Description We're still in progress in diagnosing this issue but we're seeing some strange behaviour and would like to get some feedback/ideas from others.
We're using a setup that relies on two separate models using the oldest sequence scheduler combined with the ensemble model. Essentially
Input -> Model_1 -> Model_2 -> Output
Where model 1 and model 2 use implicit state management with the PyTorch backend, they have an initial state but then use the output from the model to update the state.
Our issue tends to arise when the triton is under load, if we use up all the candidate sequence slots - then we don't send END flags on any of them and instead let triton time them out. We then see that Model_2 is in a bad state, in this state, if we run requests against model 2, it's possible to leak information across requests and corrupt the outputs of the model. It tends to look something like:
Here we're displaying the outputs of the model, we've corrupted one batch with
NaN
values and used random inputs for others - however the NaN values leak into the next request sent to the server (here the batches are run sequentially so leaking happens across executions rather than within one)Given all this, it feels like something isn't quite working correctly with the interaction between the ensemble, the sequence timeout and implicit state management.

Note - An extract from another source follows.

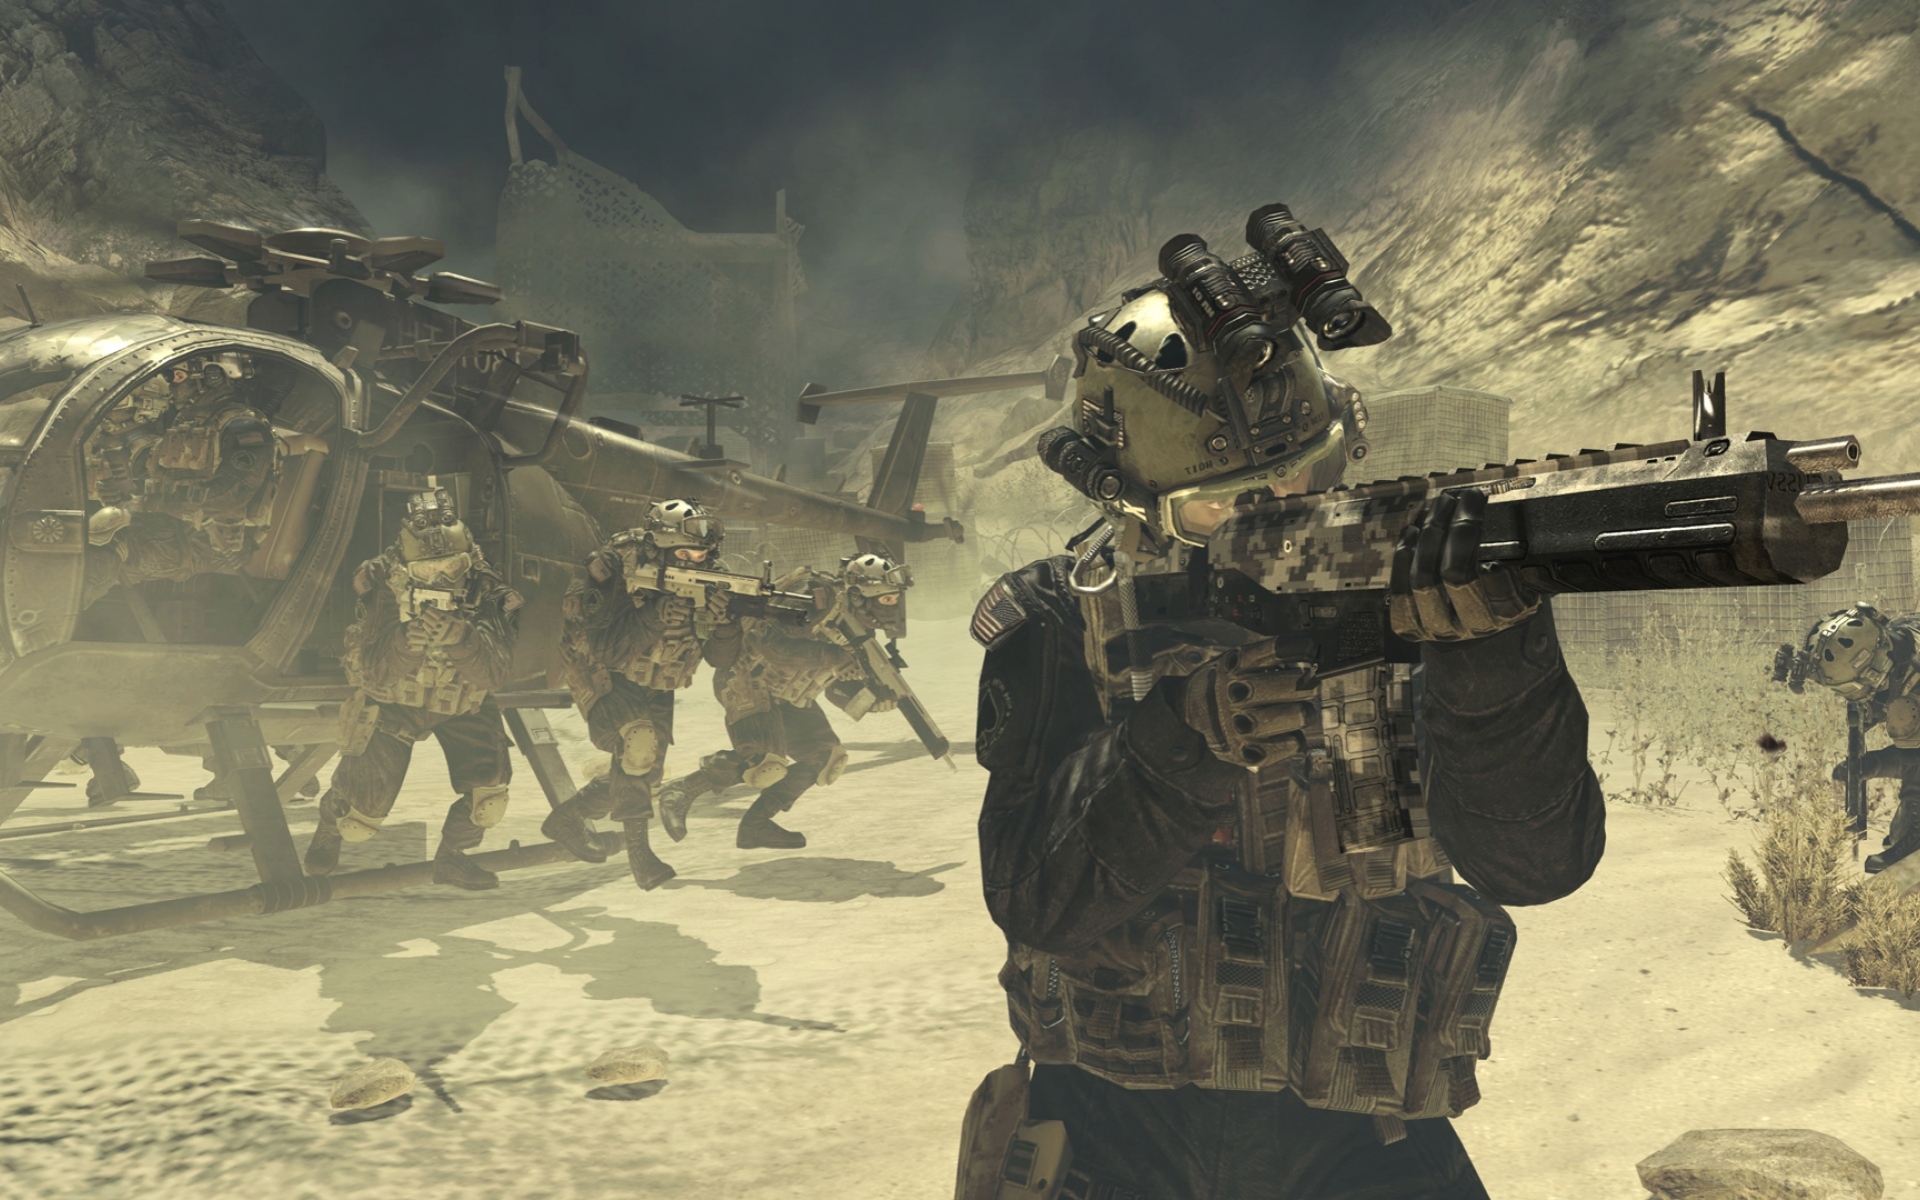 call of duty modern warfare 2 персонажи картинки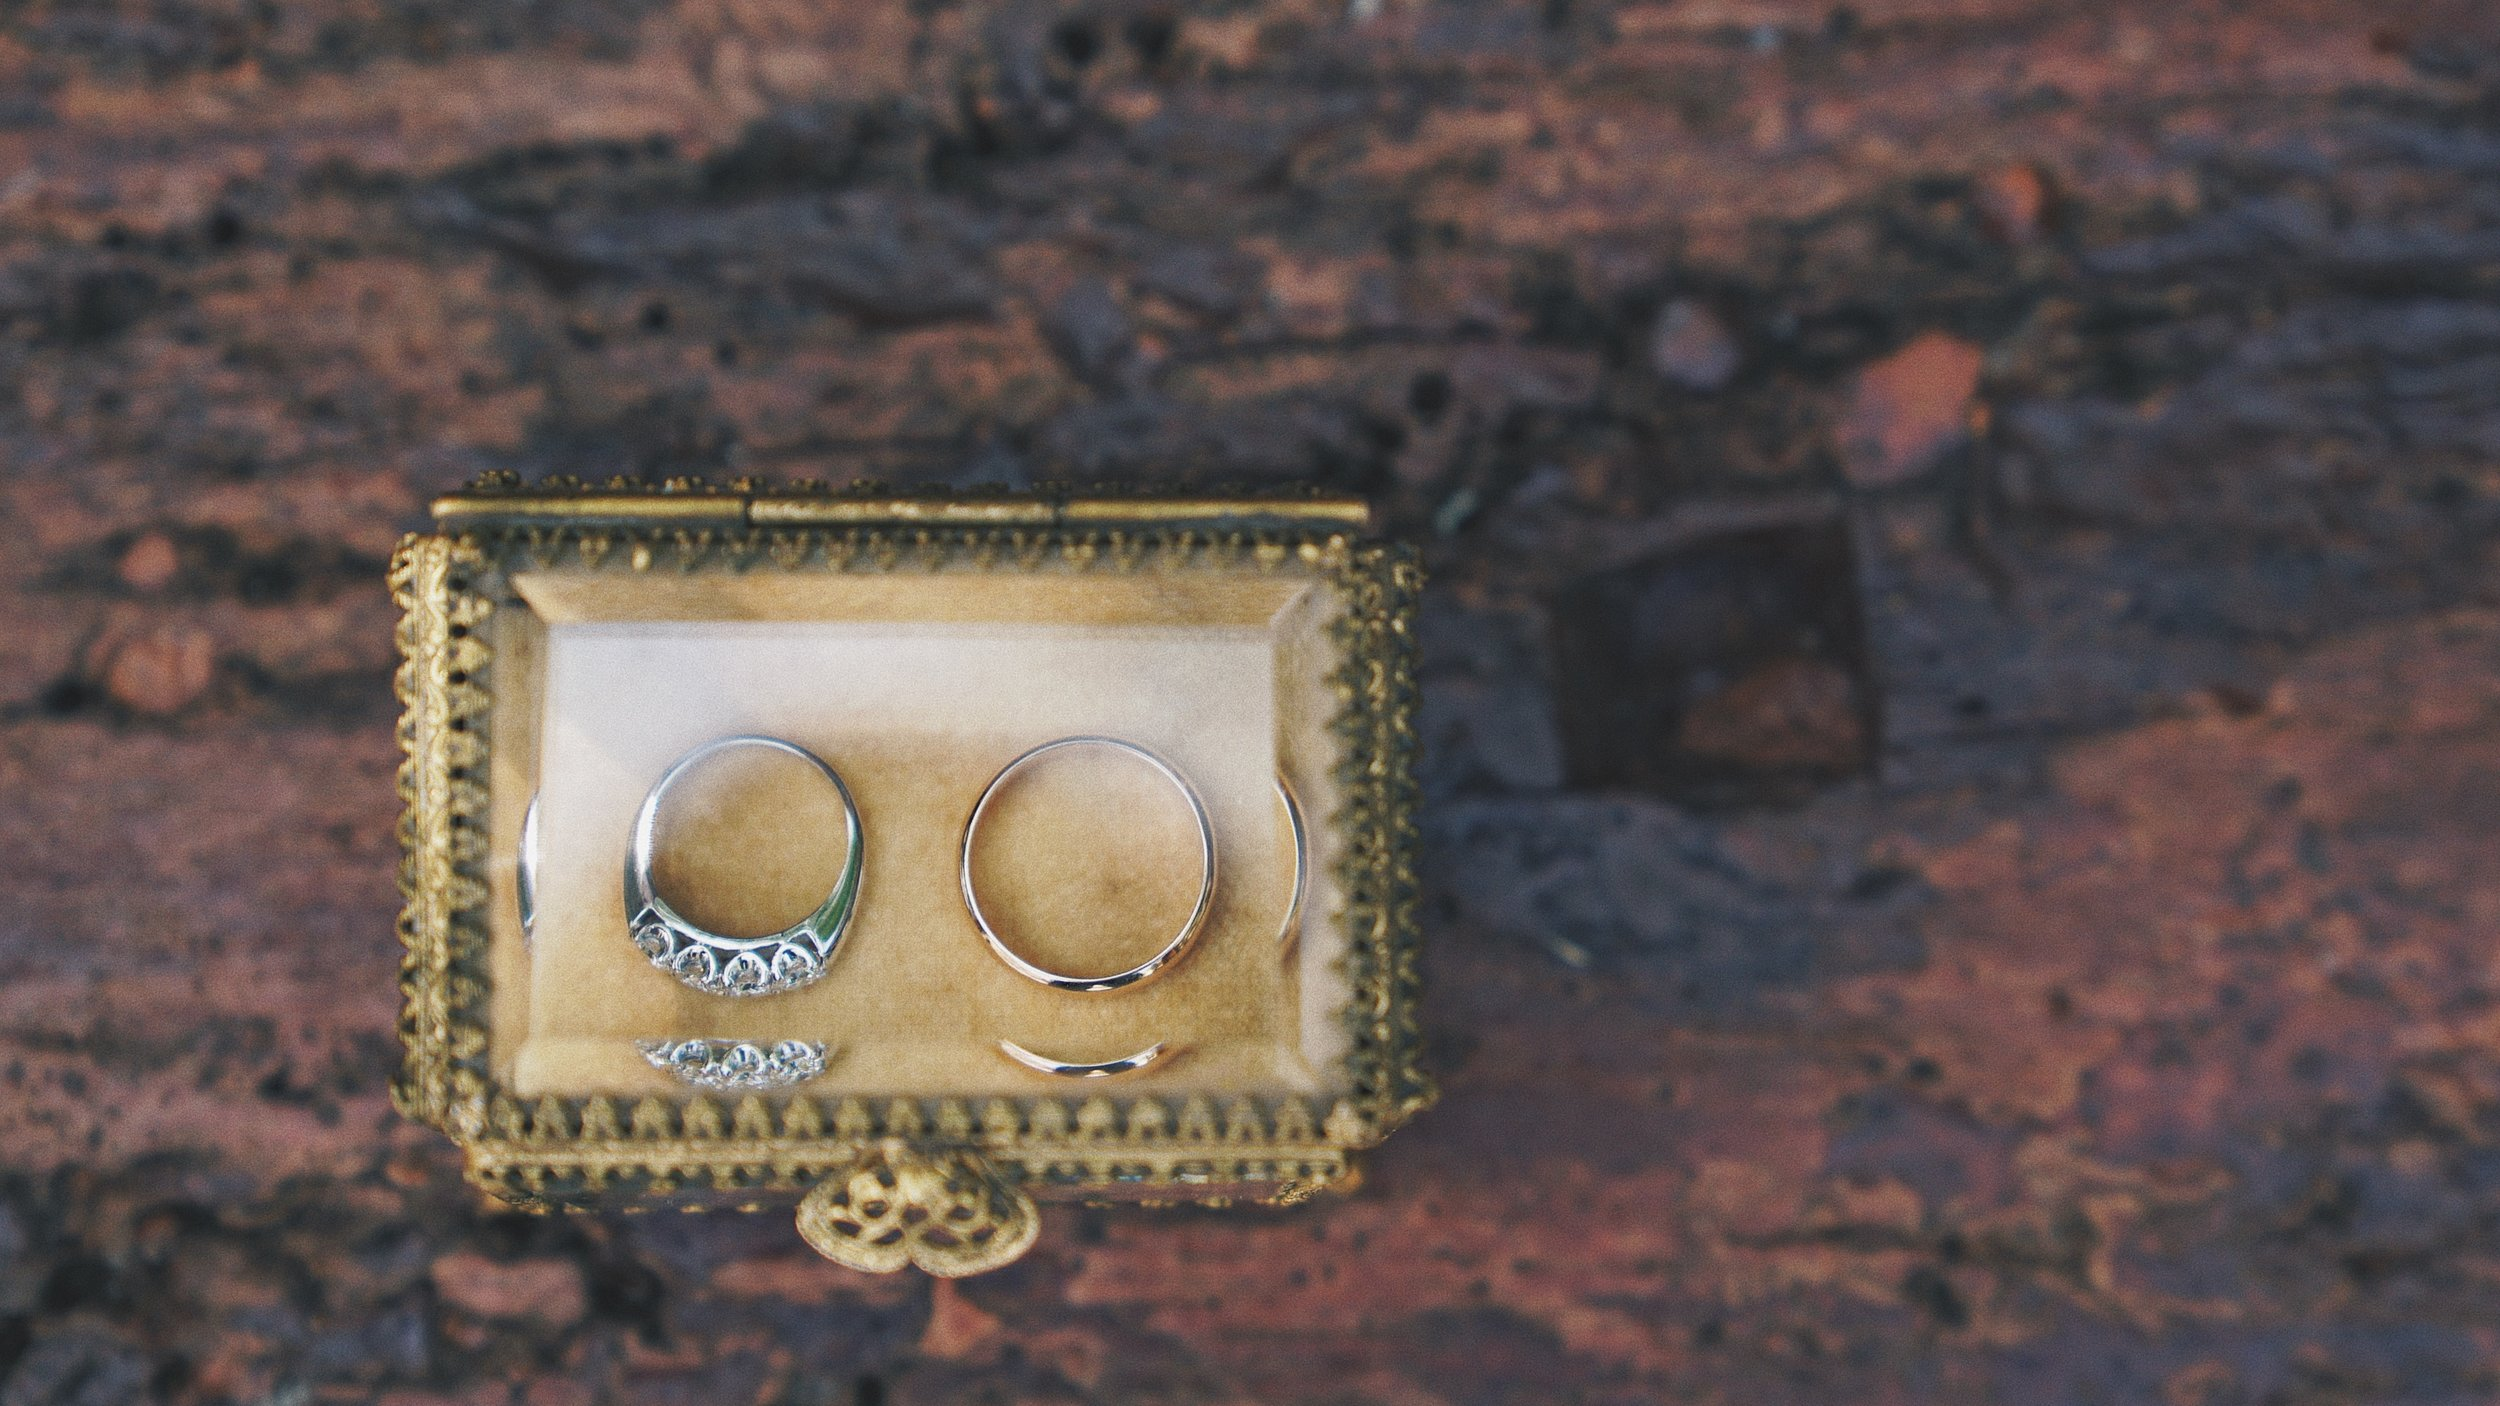 Gorgeous vintage ring box

Triton Information What version of Triton are you using?
We've reproed on NGC version 22.12, 23.10, 24.02
Are you using the Triton container or did you build it yourself?
We've reproed on containers based on the triton container and on versions built by us.
To Reproduce We're working on this, currently we only can reproduce with our own models and configuration which we can't share. Hopefully we can find a repro with some simpler models. The basic setup is two sequential models using implicit state management with the PyTorch backend - connected together with the ensemble scheduler. The you need to timeout some/all of the candidate sequences to get
Model_2
into a bad state. OnceModel_2
is in this state you can fairly reliably see the state corruption reported above.We still can't reliably reproduce this state however so we can't provide much more info.
Expected behavior We shouldn't be able to affect the outputs of the model with the inputs from a different client.